**About this task:**
Leave out the pictures and output exactly the lines below from the one with "The Divine Comedy" down to the one with "View Vol. 6", both of them included.

**Data for this task:**
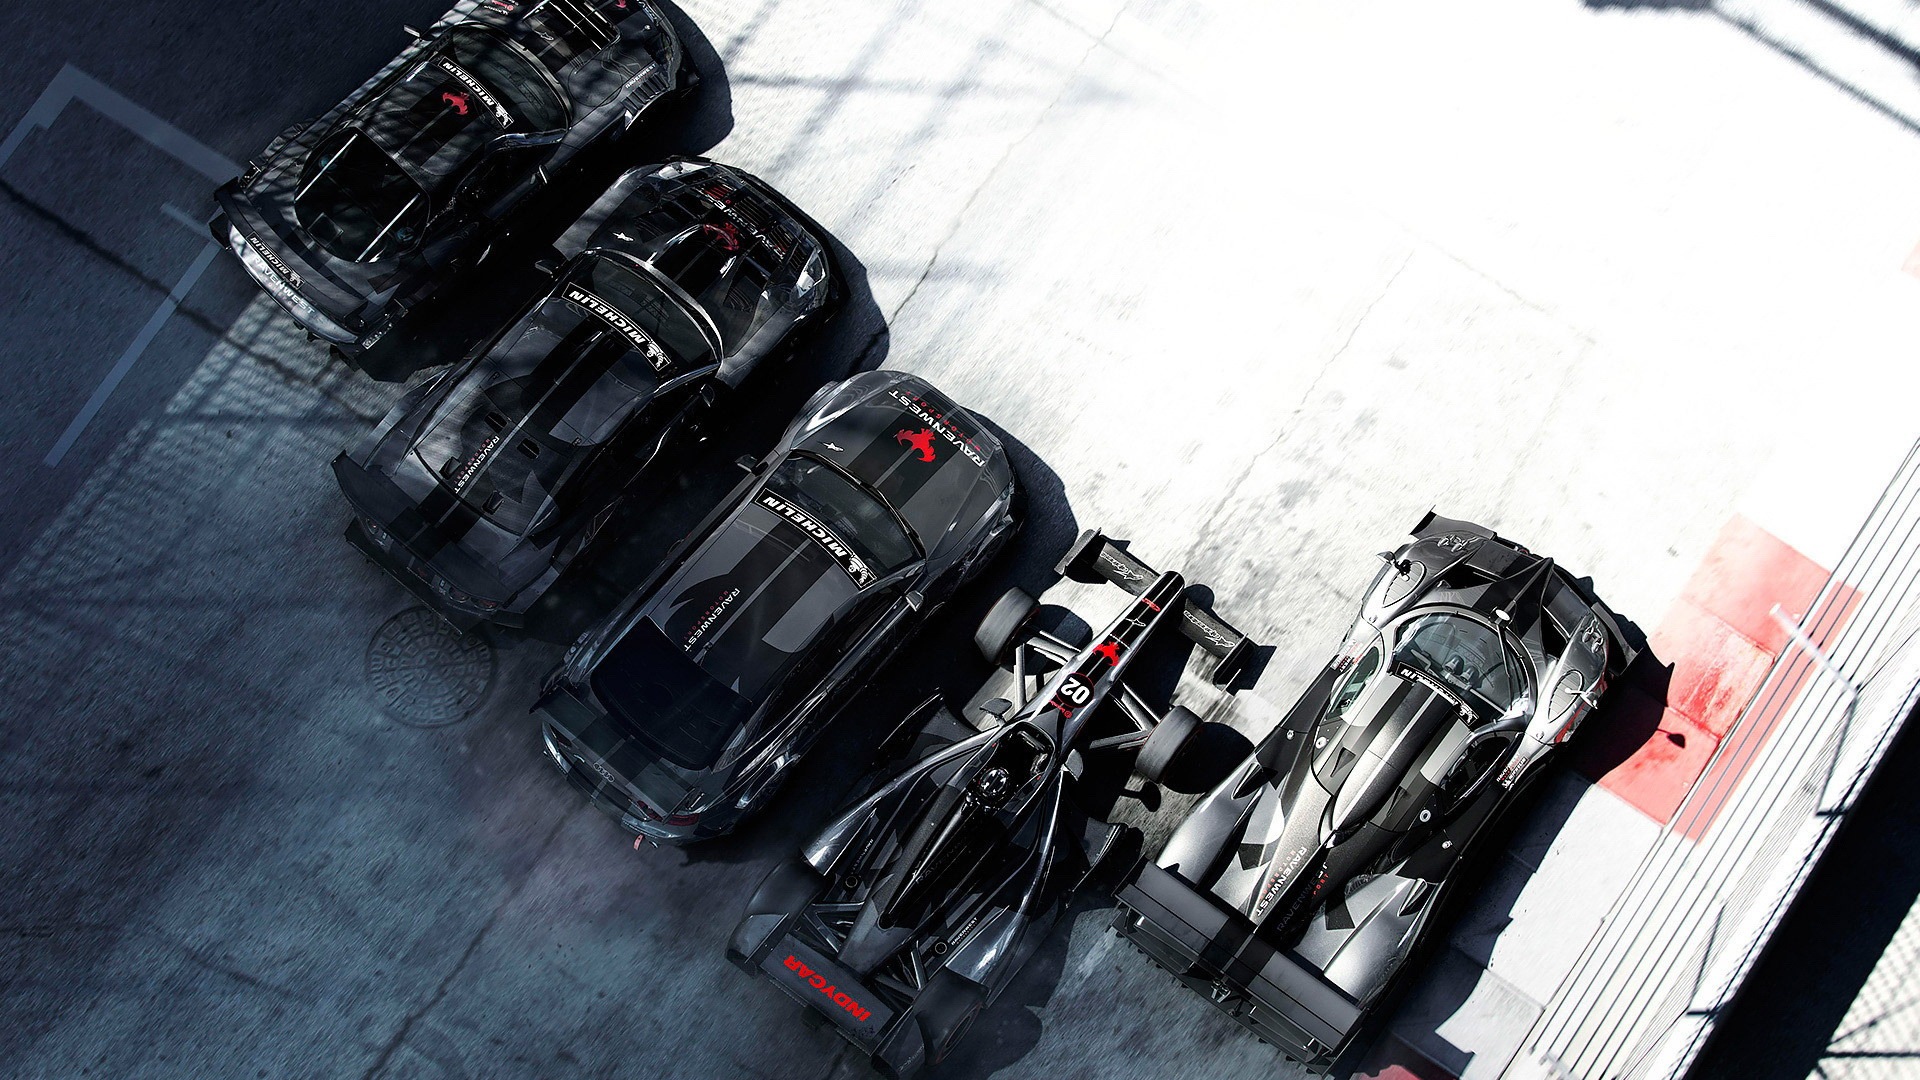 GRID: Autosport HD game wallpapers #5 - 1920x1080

...

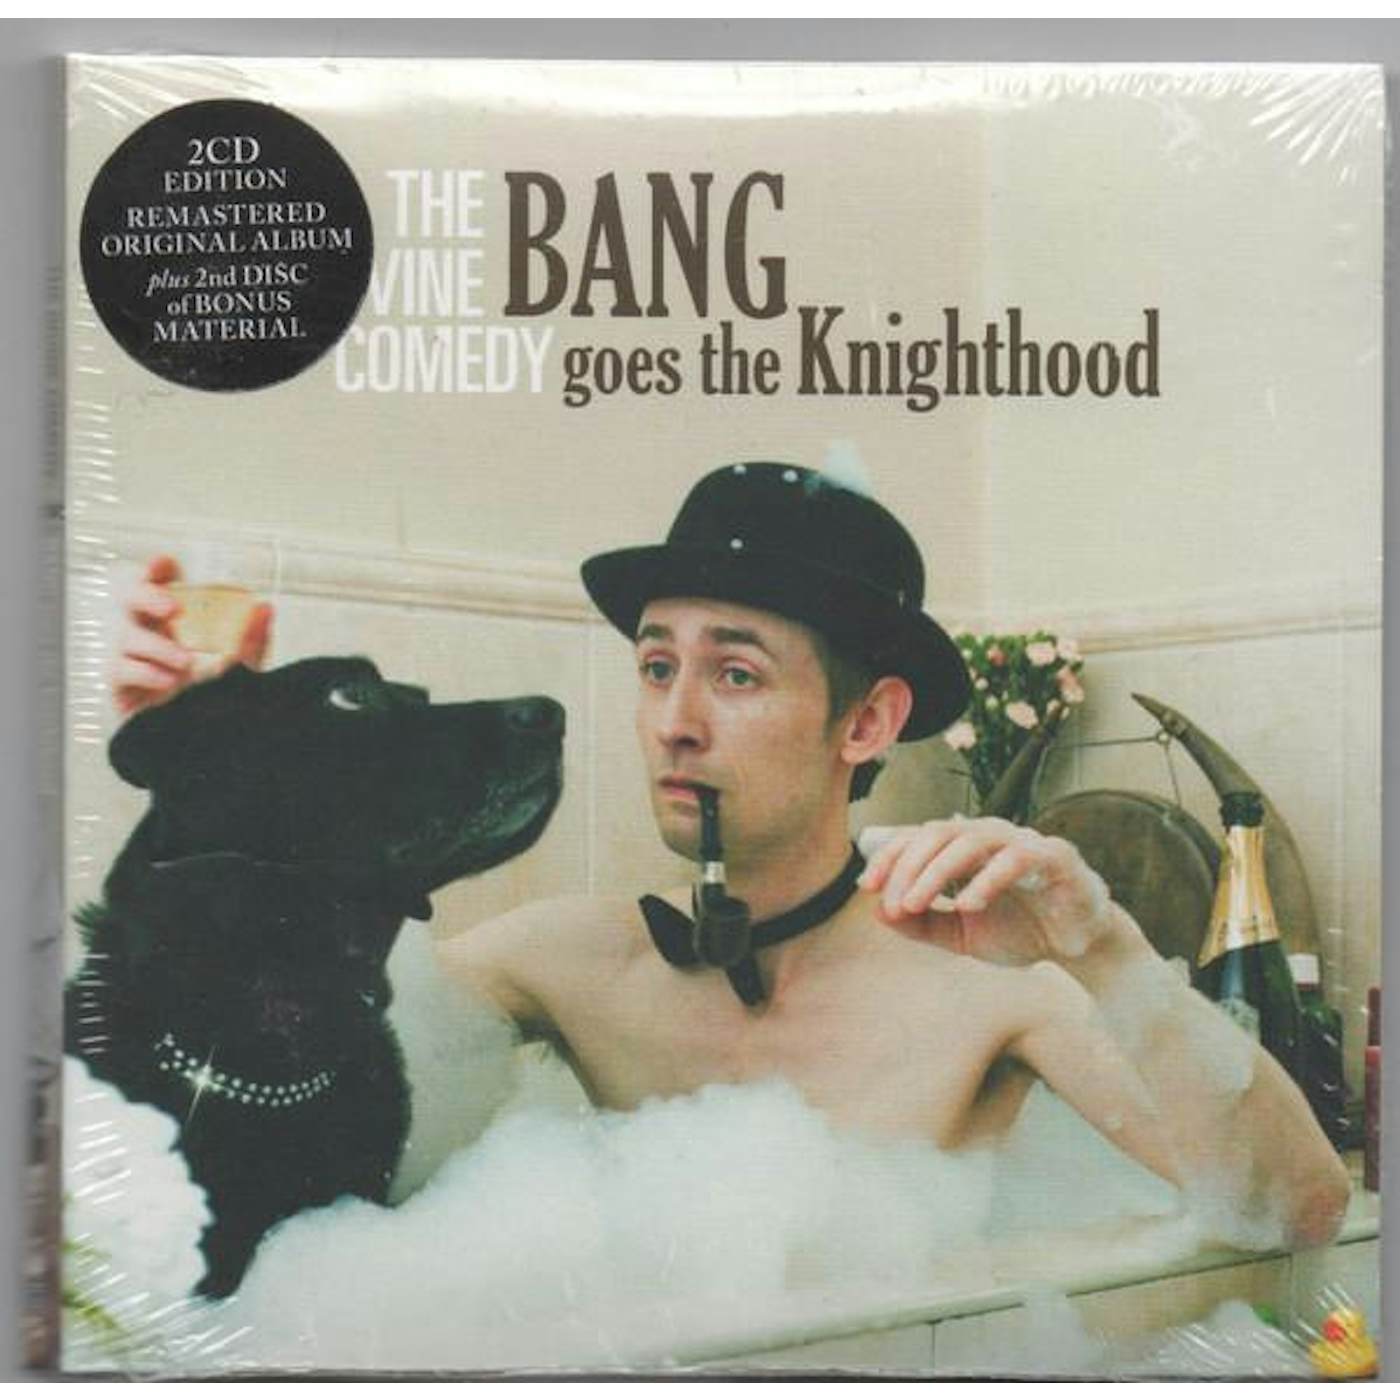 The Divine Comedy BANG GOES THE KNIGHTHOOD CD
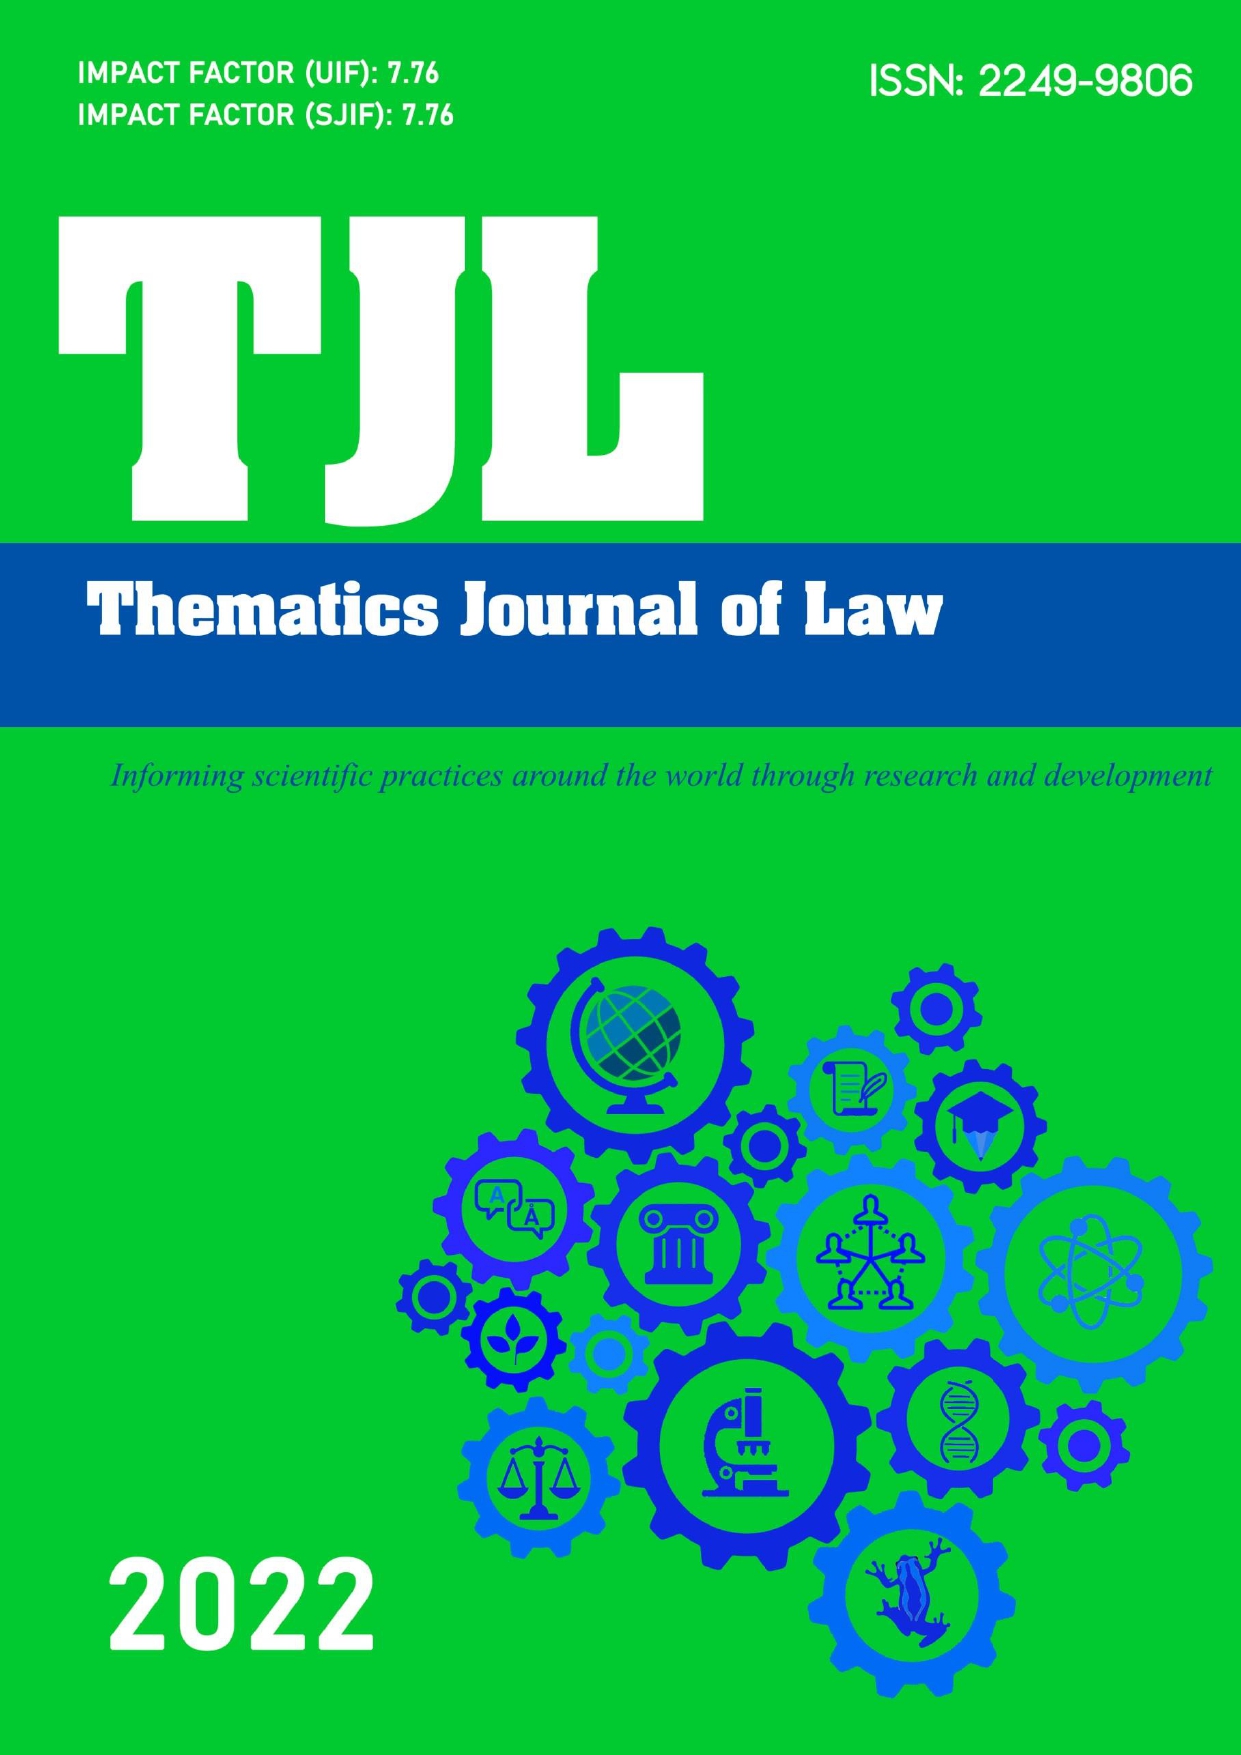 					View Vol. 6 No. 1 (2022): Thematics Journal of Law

**Result:**
 The Divine Comedy BANG GOES THE KNIGHTHOOD CD
 					View Vol. 6 No. 1 (2022): Thematics Journal of Law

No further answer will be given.